Death of Socrates by Jacques Louis David, 1787.
This week students in Core I are reading Plato, and one of these texts is the Apology. This famous speech is presented as Socrates' defense at his trial for "corrupting the youth and introducing strange deities" (or atheism). Clearly, Socrates is not apologetic in the colloquial use of the word; his apologia, or explanation of his actions and beliefs, is really a strong statement that he will in no way stop the kind of teaching and philosophical inquiry which had made him so many and such strong enemies. Instead, it is a powerful argument for why, as he believed, he was right to continue, even if it meant his death.
A few key points are important to recognize. First, though the result of the trial was unfavorable to Socrates, as we discussed in my own Journey class, his speech was a success because he proved his opponents wrong, and posterity (even to this day) is reading his argument, and probably the vast majority of these readers would be convinced by at least large portions of it. He was right to continue following his moral and ethical beliefs, despite the enormous pressure to back down. He was right to choose virtue and enlightenment over worldly success, power and money. He was right to choose death over acting against his conscience, what he described as the leading of divine inspiration, as "the unexamined life is not worth living," as he so famously said.
Second, it is important to realize that, while this trial resulted in what most of us would agree was an unjust sentence, the concept of having a trial was a new and much more democratic practice than simply having a ruler decide if an individual deserved to die or not. Aeschylus' play The Eumenides mythically depicts the origin of Athenian trials, in the case of Orestes, who murdered his mother, Clytemnestra, in revenge for her and her lover's killing of his father, Agamemnon, upon his return from the Trojan War. Up until this time, personal revenge was accepted and acceptable. The new trial system, it was hoped, would bring in a more just way of handling crimes than personal vendetta or tyrannical command. As it turns out, in the play Orestes is acquitted, by a mixed jury (half in support of his punishment, and half against, but with "the vote of Athena" swaying the verdict in his favor). In Socrates' case, the jury was more clearly against him, hence his sentence of death by drinking hemlock, but it was by no means a large majority that decided his fate. The vote was 280 for his death and 220 against it. Juries in Athens were very large! But Socrates himself was surprised that so many among the jury supported him. Among those supporters was Plato, his student, who recorded what happened (no doubt with some embellishment and interpretation), but clearly giving a sense of what went on, including even Socrates' asking not to be interrupted as he made his case.

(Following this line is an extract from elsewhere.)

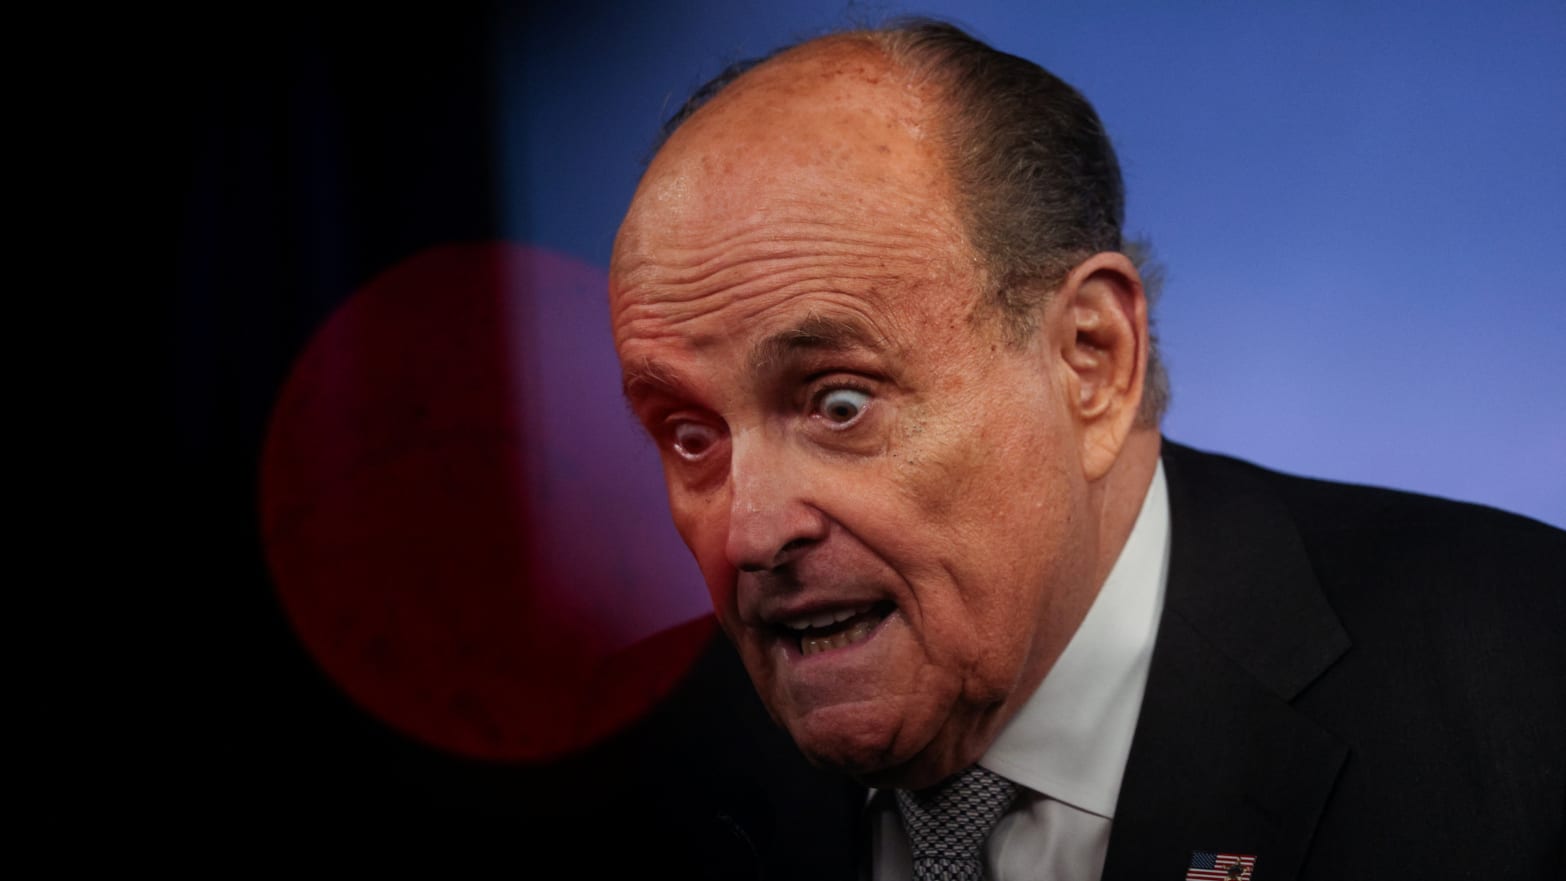 Rudy Giuliani gives remarks during a 9/11 memorial ceremony in 2022.

Third, and this is very important in today's world where legal and criminal justice issues are in the forefront of social justice concerns: though a jury makes for a more just situation that a simple king's verdict or personal vengeance could possibly do, it does not by any means ensure justice. Socrates' situation is a case in point. The bias and resentment of many among the jury, the falsehoods spread by his enemies, clearly persuaded enough of the jury to vote against him, despite, as seems quite clear to most of us, the fact that this man did nothing to deserve death. In my class we discussed how issues of bias today, particularly racial bias, affect juries that disproportionately condemn people of color. We viewed an interview with Bryan Stevenson, the author of Just Mercy and the founder of the Equal Justice Initiative in Montgomery, Al. Stevenson, who is also depicted in the film Just Mercy based on his book, went South in 1985 as a recent Harvard Law School graduate in order to take on cases of inmates on death row, who had been unjustly tried. The film depicts a particular case of a man named Walter McMillian, who had been condemned to death row even prior to his trial, for a murder occurring while he was eleven miles away at an event to raise funds for his sister's church. The word of the many people who were with him was discounted, and the testimony of one questionable witness prevailed. Stevenson's work on this case and many others shows that jury trials, particularly when affected by systemic racism, can lead to unjust sentences, in today's world as was the case in Socrates' time (though it was not racism, of course, but a dislike of his philosophical views that led to his death). As Bryan Stevenson says in the interview, we should not be asking whether someone "deserves to die," but whether we, as a society, "deserve to kill." The flawed trial of Socrates and the many overturned cases of those exonerated through the efforts of Bryan Stevenson raise this serious question of whether human beings ever have the moral or legal right to take the life of another person. Personally, I (along with Pope Francis and many in the Church) would argue, we don't.
Bryan Stevenson, author of Just Mercy and founder of Equal Justice Initiative
Clearly, the ancient texts in the Core relate to contemporary situations regarding this issue and many others. Though social situations and political institutions have drastically changed in the more than 2300 years since the death of Socrates, human nature and potential for bias remain part of the problems with juries obtaining the death sentence for any individual. Bryan Stevenson majored in philosophy prior to attending law school. His work and the story of Socrates show the important link between philosophy, along with ethics and religion, and the critical issue of legal justice.